The Oscars are a mess. And the problem is not the host. It doesn't really matter which movie star or stand-up comic or pundit decides to host the extravaganza/train wreck every year. It's the show itself that stinks.
I have the solution, fortunately. The solution does not exist in making the show shorter (or, heaven forbid, somehow longer). We need new and different categories.
The excitement of the evening every year lies in the acting awards. And yet, there are only four of them. Why doesn't the Academy add a plethora of acting awards, then?

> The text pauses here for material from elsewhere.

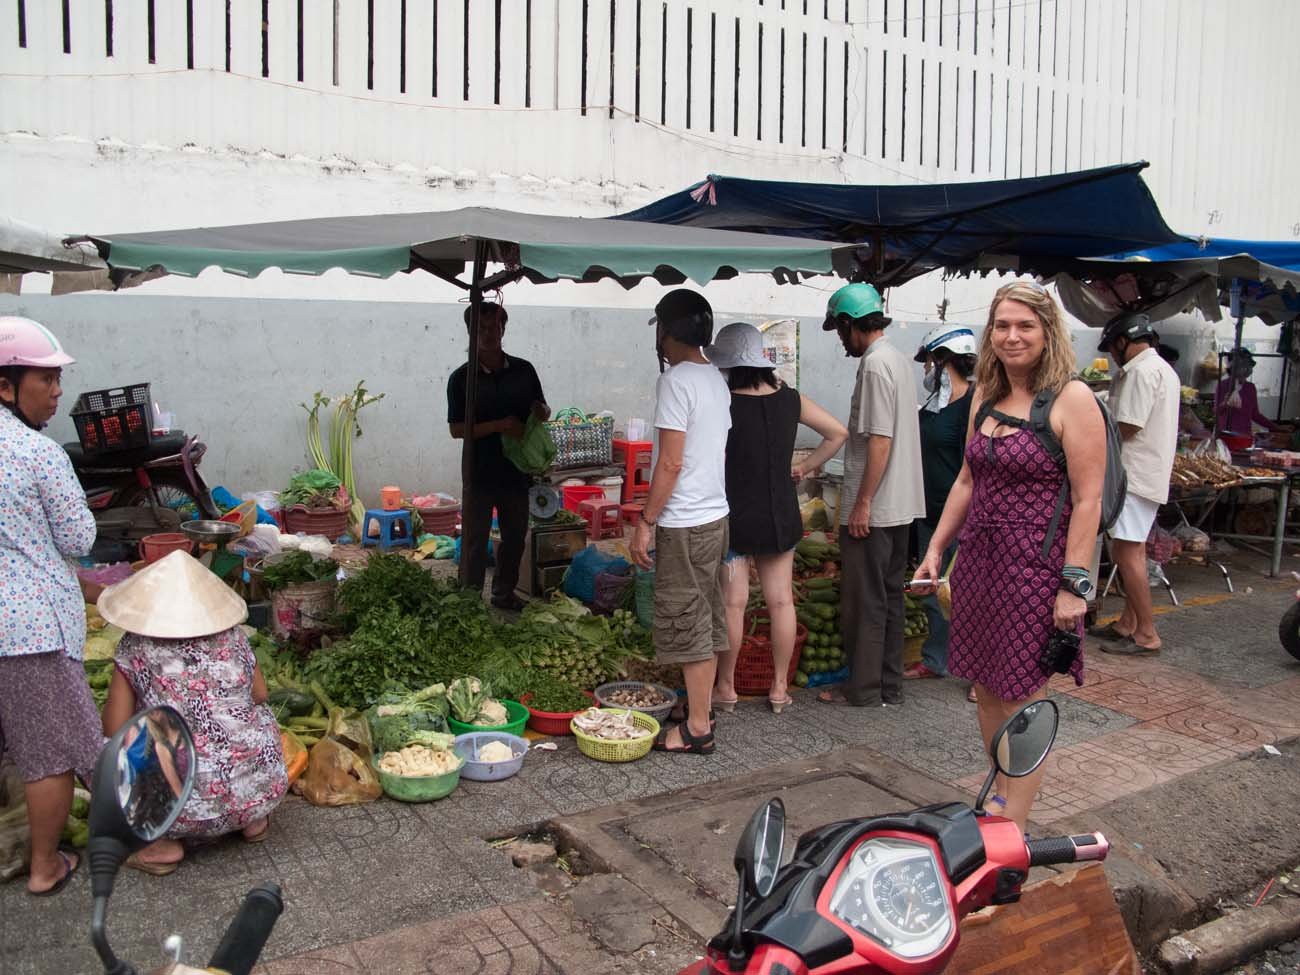 Sidewalk Street Vendors

Here are some ideas that could make the show more watchable and enjoyable — and my plan would also boost the ratings! A win-win-win, everyone benefits including Hollywood, the TV viewers, and the network showing the awards broadcast.
1. Best newcomer: In earlier years, you might have had Al Pacino taking home a statue for "Panic in Needle Park" or Dustin Hoffman for "The Graduate" or any of the Beatles in "A Hard Day's Night." You get the idea — award a relatively unknown actor who appears to have a bright future.

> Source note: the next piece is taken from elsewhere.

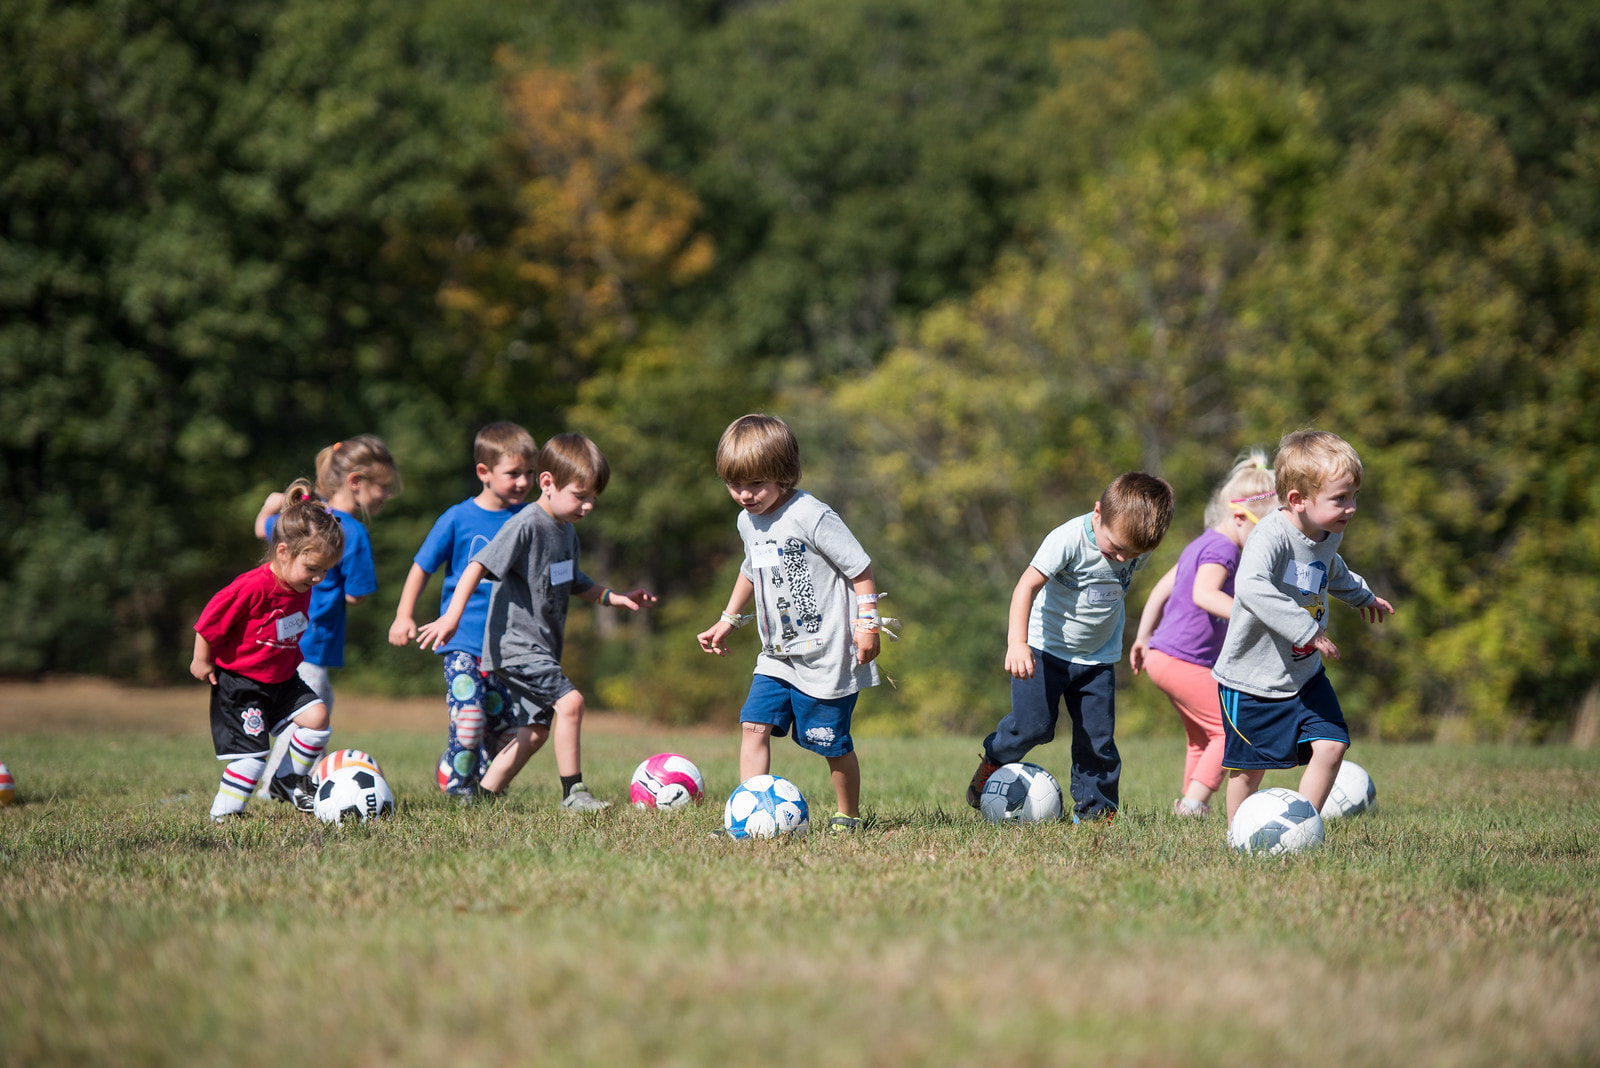 Picture of children kicking soccer balls

2. Best Ensemble Cast: This year, "The Help" could have gotten its proper reward for a job very well done. In past years, any number of highly popular movies, which didn't get the Best Picture award, could have walked away with some degree of recognition.
3. Best Love Scene: This category would turn the heat up. Perhaps people think this would lower the tone of the stately show — and that is precisely the idea here. The show has grown overly pompous and dull. It's so predictable and boring. Why not try to spice things up and make the show fun and slightly more informal.
4. Retrospective: We can look back and honor a terrific movie from 10 or 20 or 30 or 40 years ago. Again, this would make the show more appealing for both movie-philes and ordinary fans who appreciate the history of the film industry and enjoy the nostalgia of a bygone movie.
5. Best line: Hollywood should give credit to the most memorable spoken moment of the year. Remember Robert DeNiro asking himself, "You talkin' to me?" Or Marlon Brando declaring, "I'll make him an offer he can't refuse" or Al Pacino shouting, "Attica!"